**TASK ITEM**: Write out every line of the material as it stands, apart from the pictures.

**DATA BELOW**:
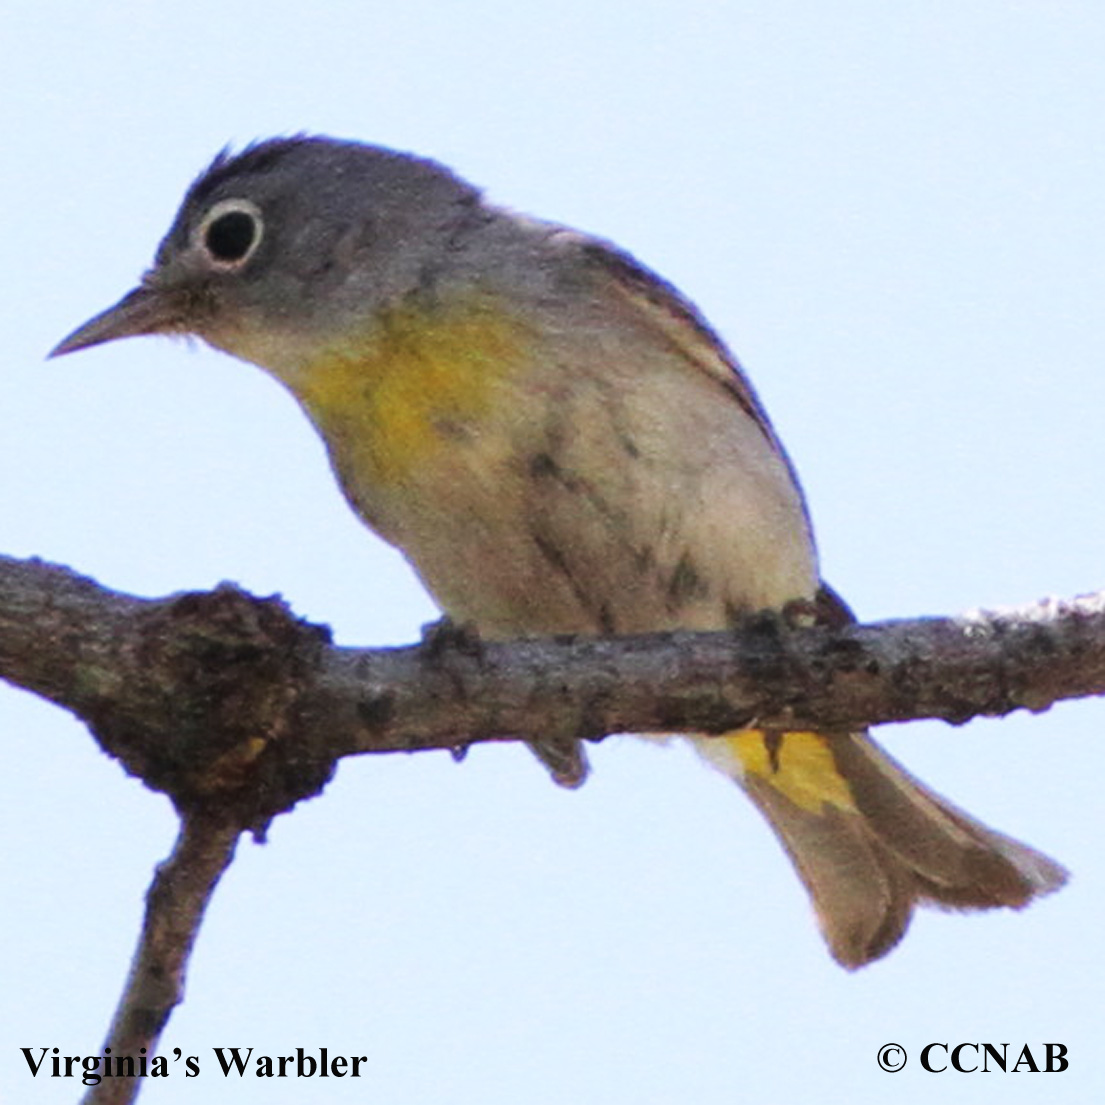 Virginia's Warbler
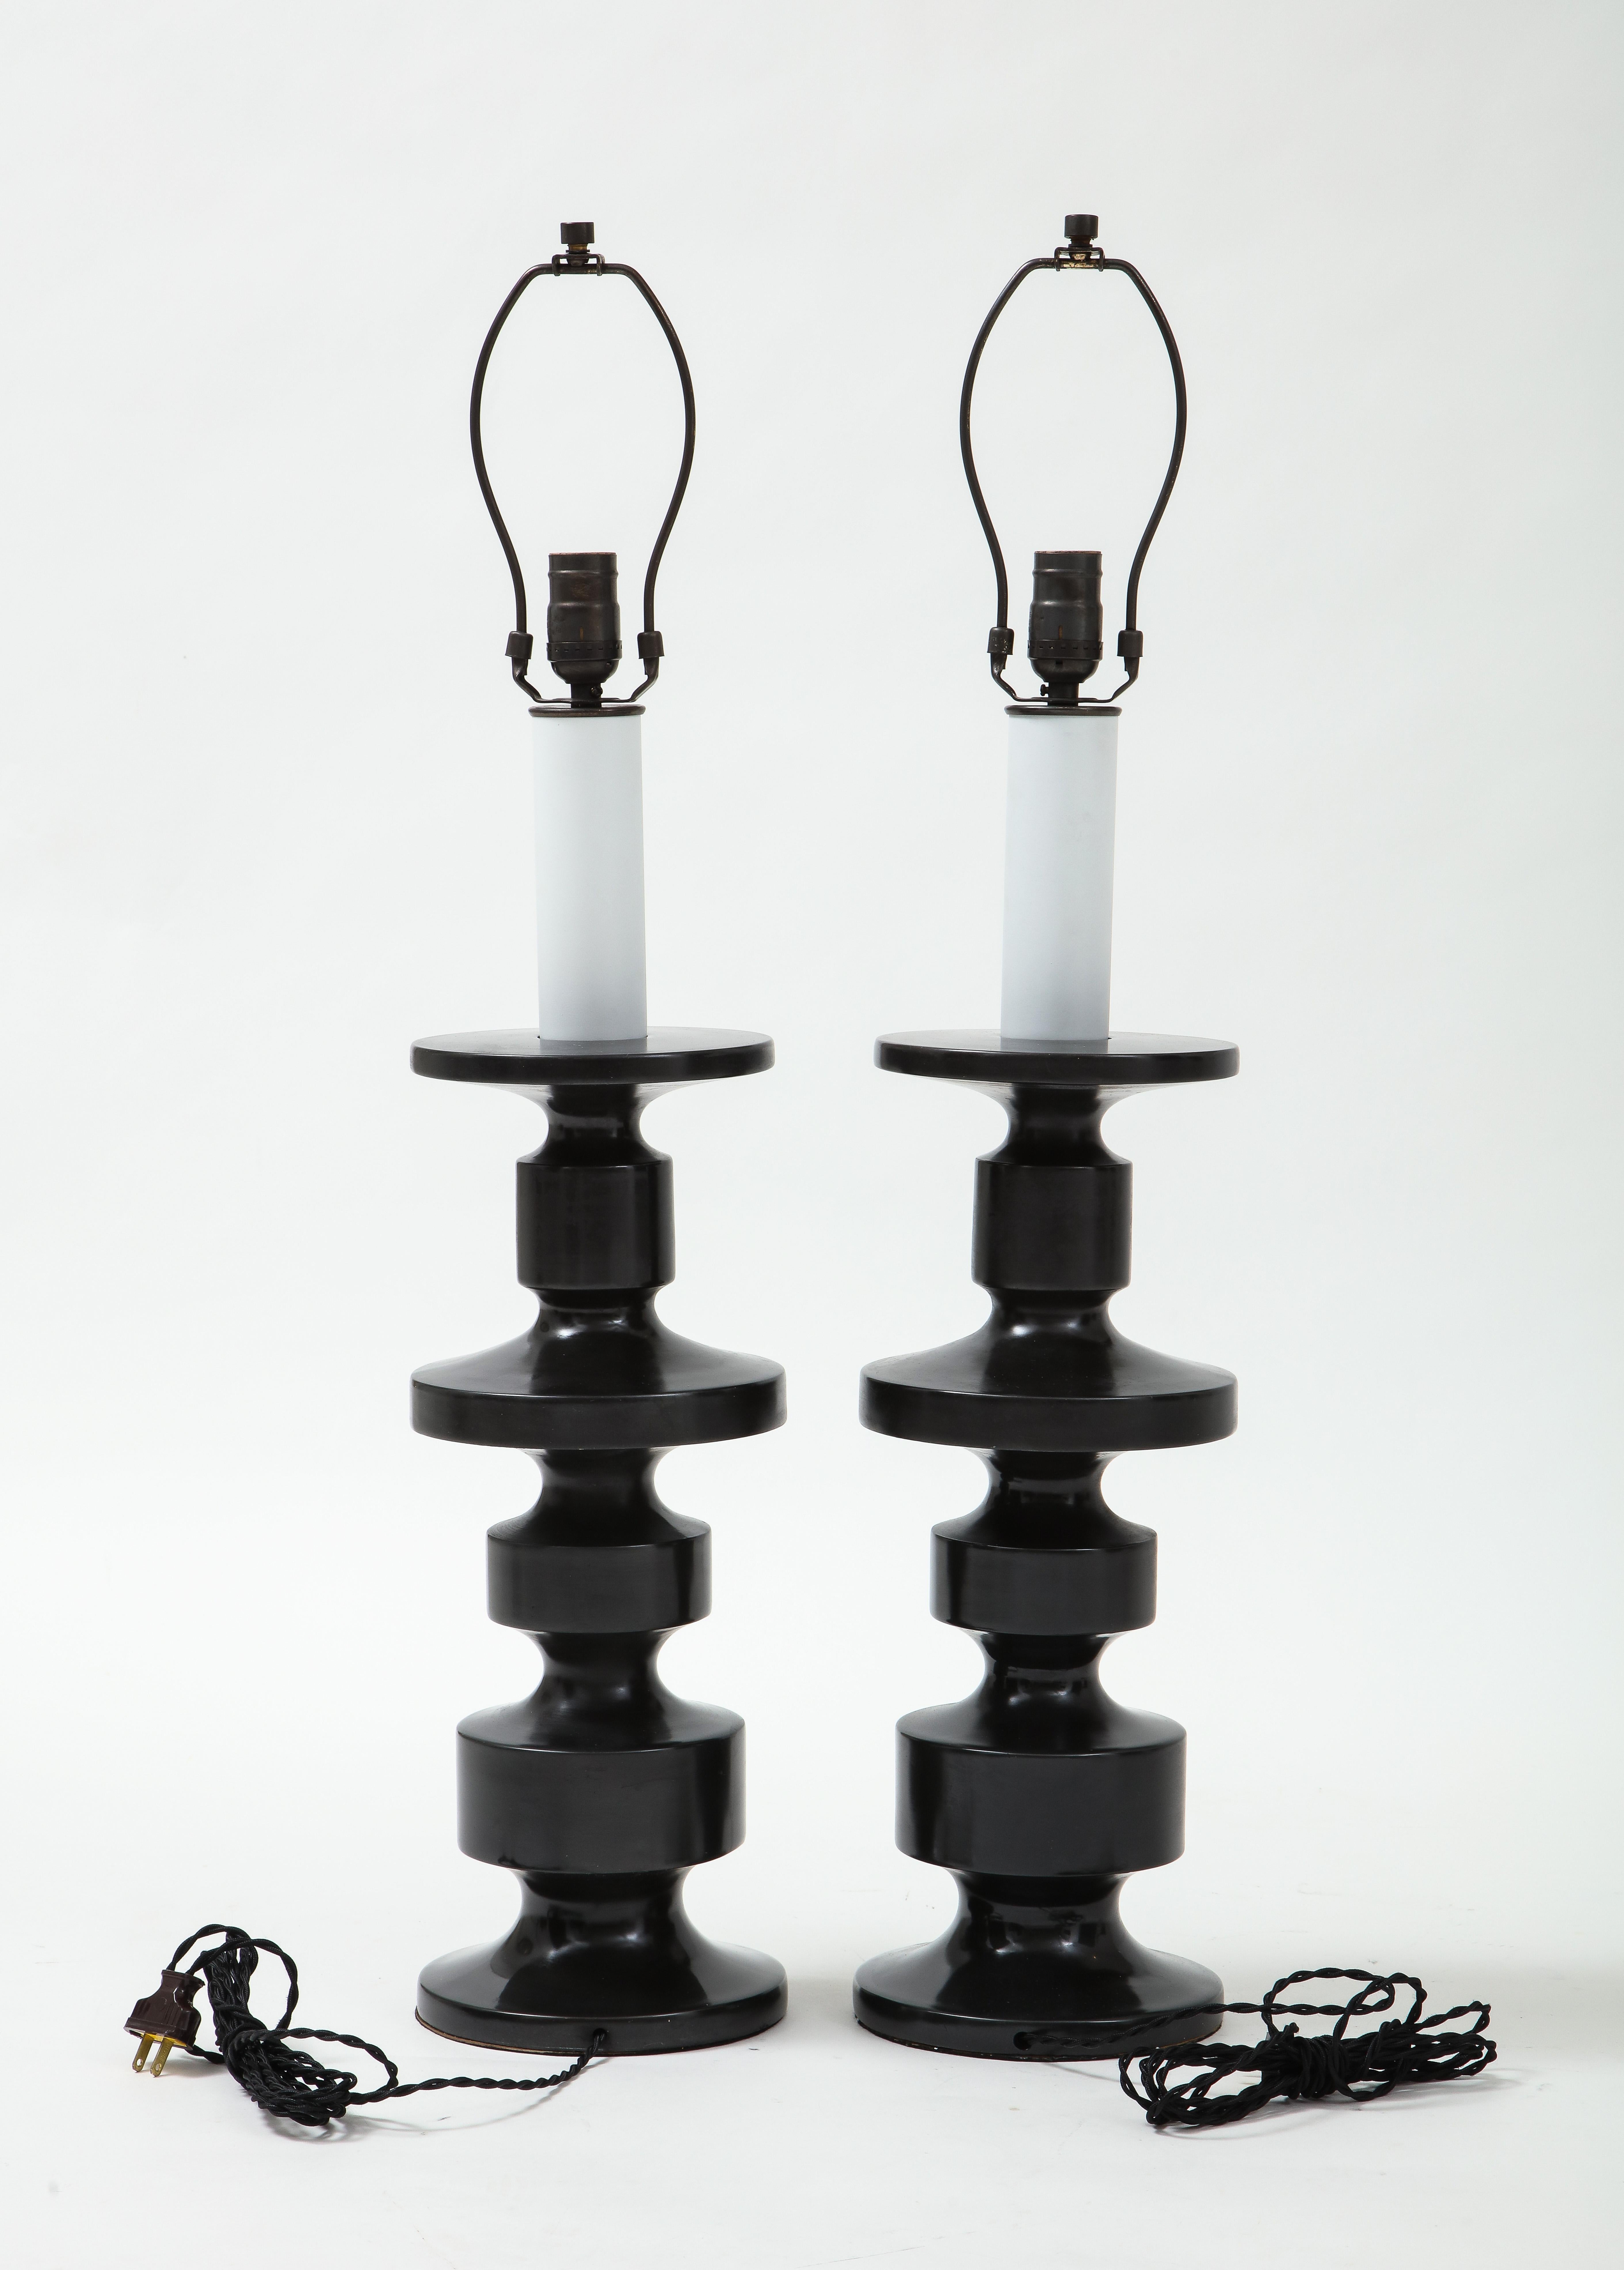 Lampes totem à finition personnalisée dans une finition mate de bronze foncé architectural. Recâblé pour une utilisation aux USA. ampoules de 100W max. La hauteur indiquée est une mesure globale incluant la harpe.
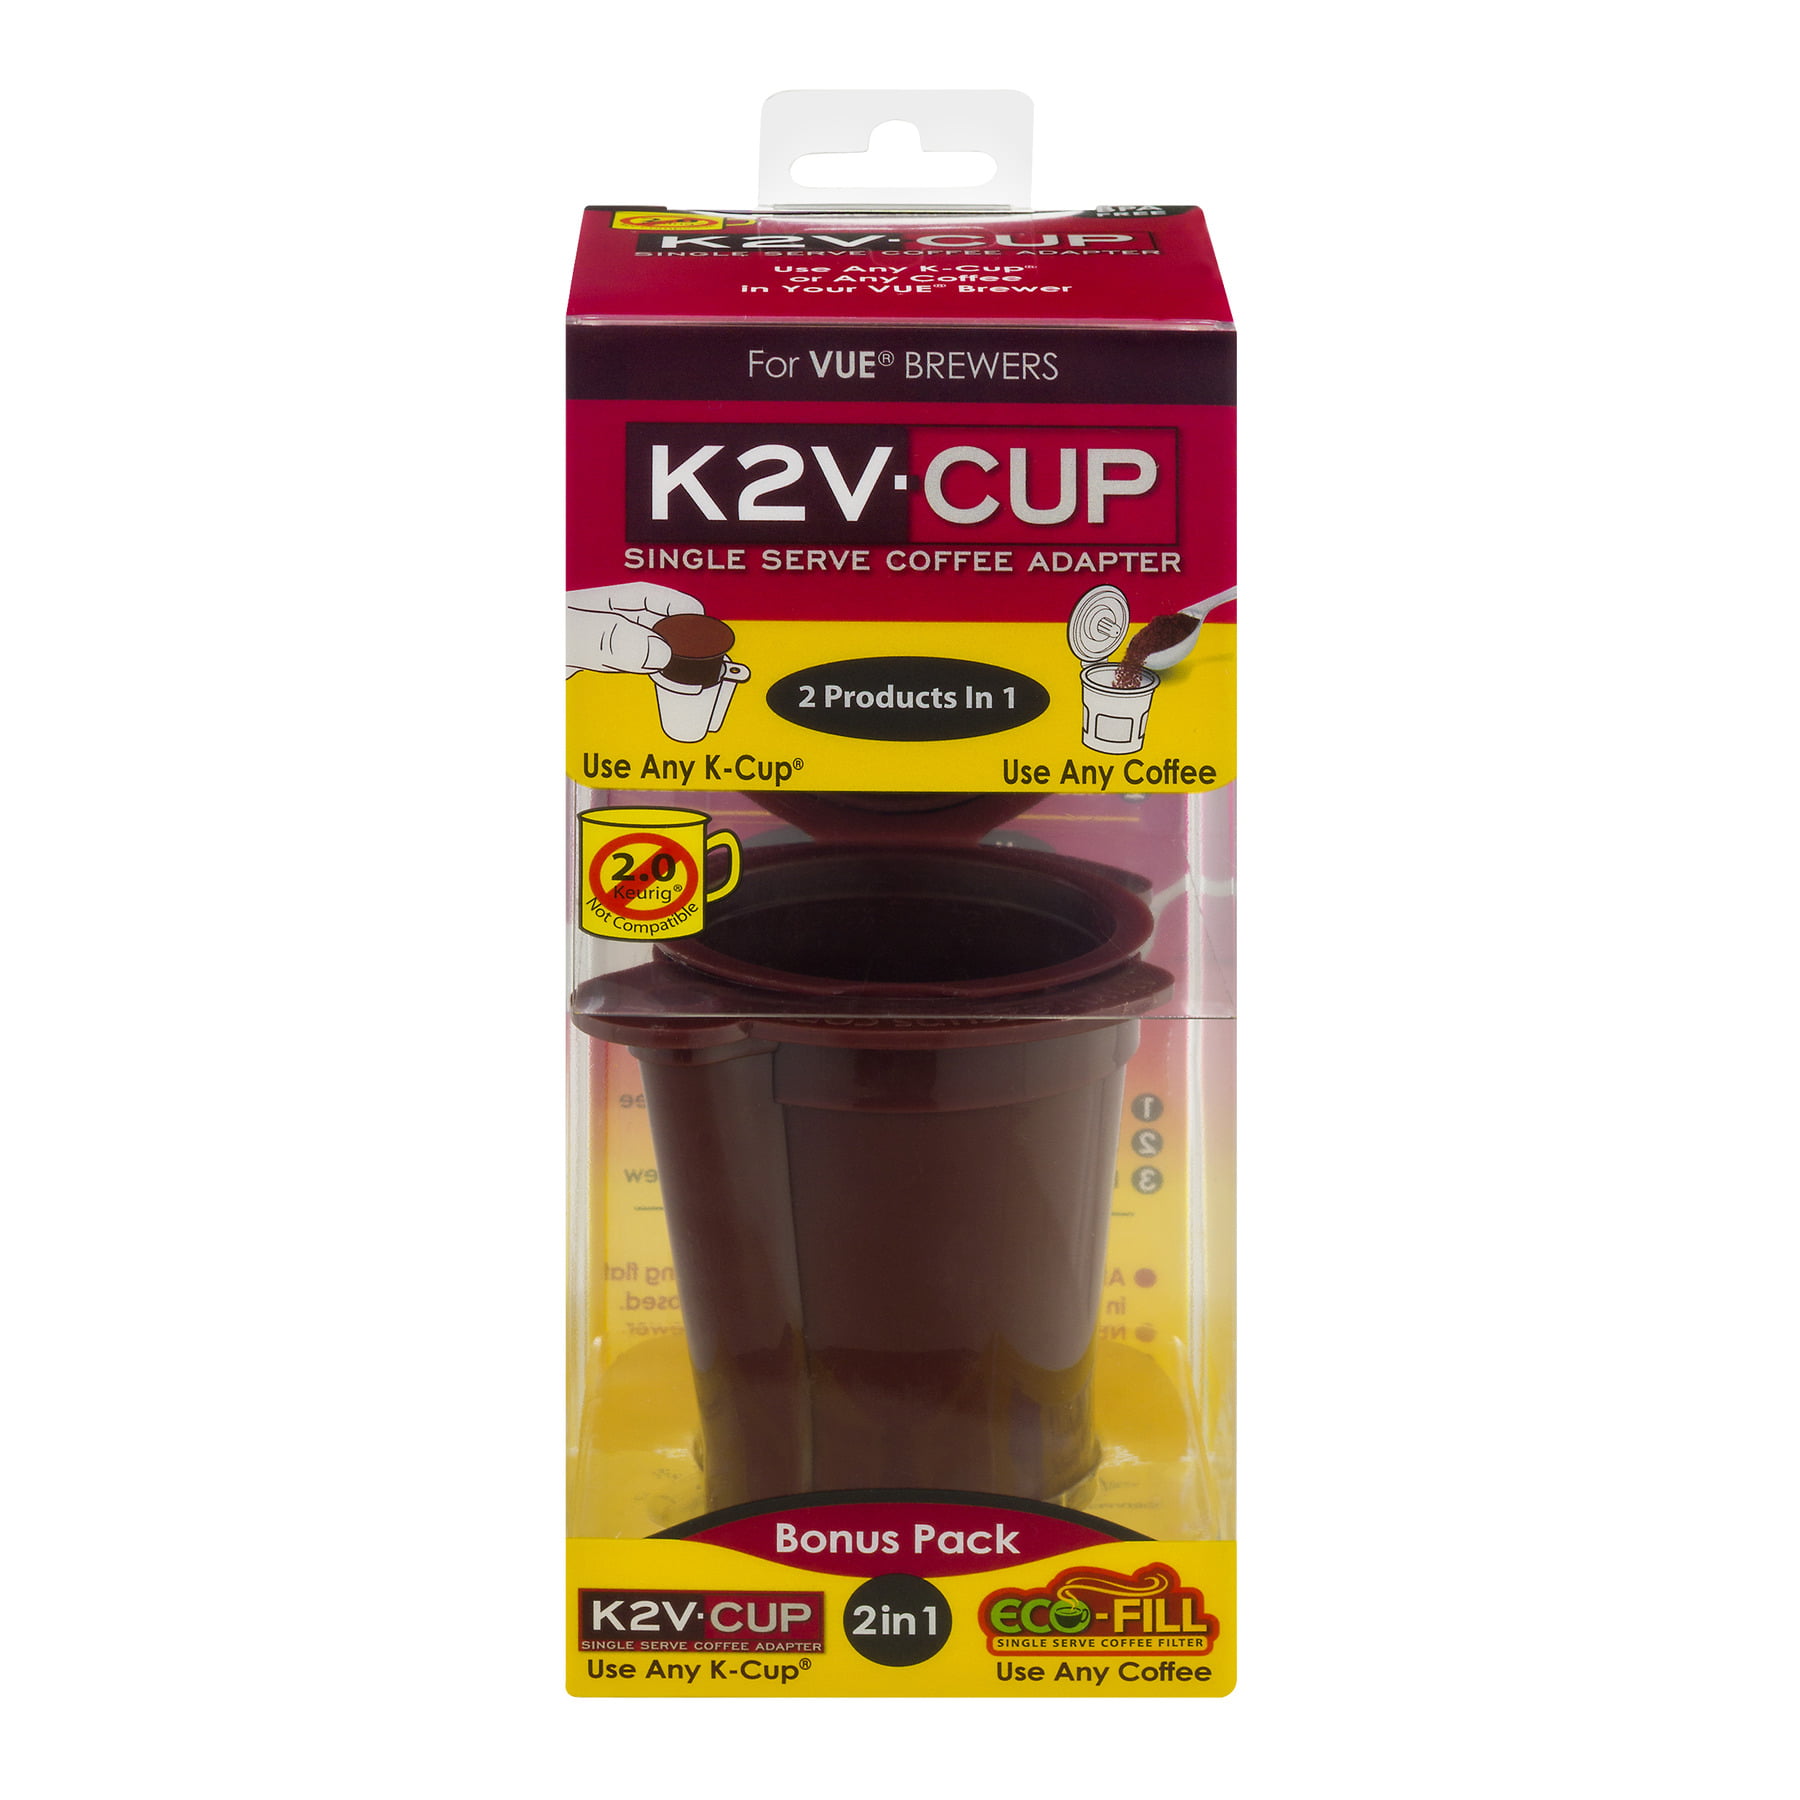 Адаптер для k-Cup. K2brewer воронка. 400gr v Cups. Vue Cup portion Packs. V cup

**REPLY TO THE TASK**:
 Virginia's Warbler
 Lampes totem à finition personnalisée dans une finition mate de bronze foncé architectural. Recâblé pour une utilisation aux USA. ampoules de 100W max. La hauteur indiquée est une mesure globale incluant la harpe.
 Адаптер для k-Cup. K2brewer воронка. 400gr v Cups. Vue Cup portion Packs. V cup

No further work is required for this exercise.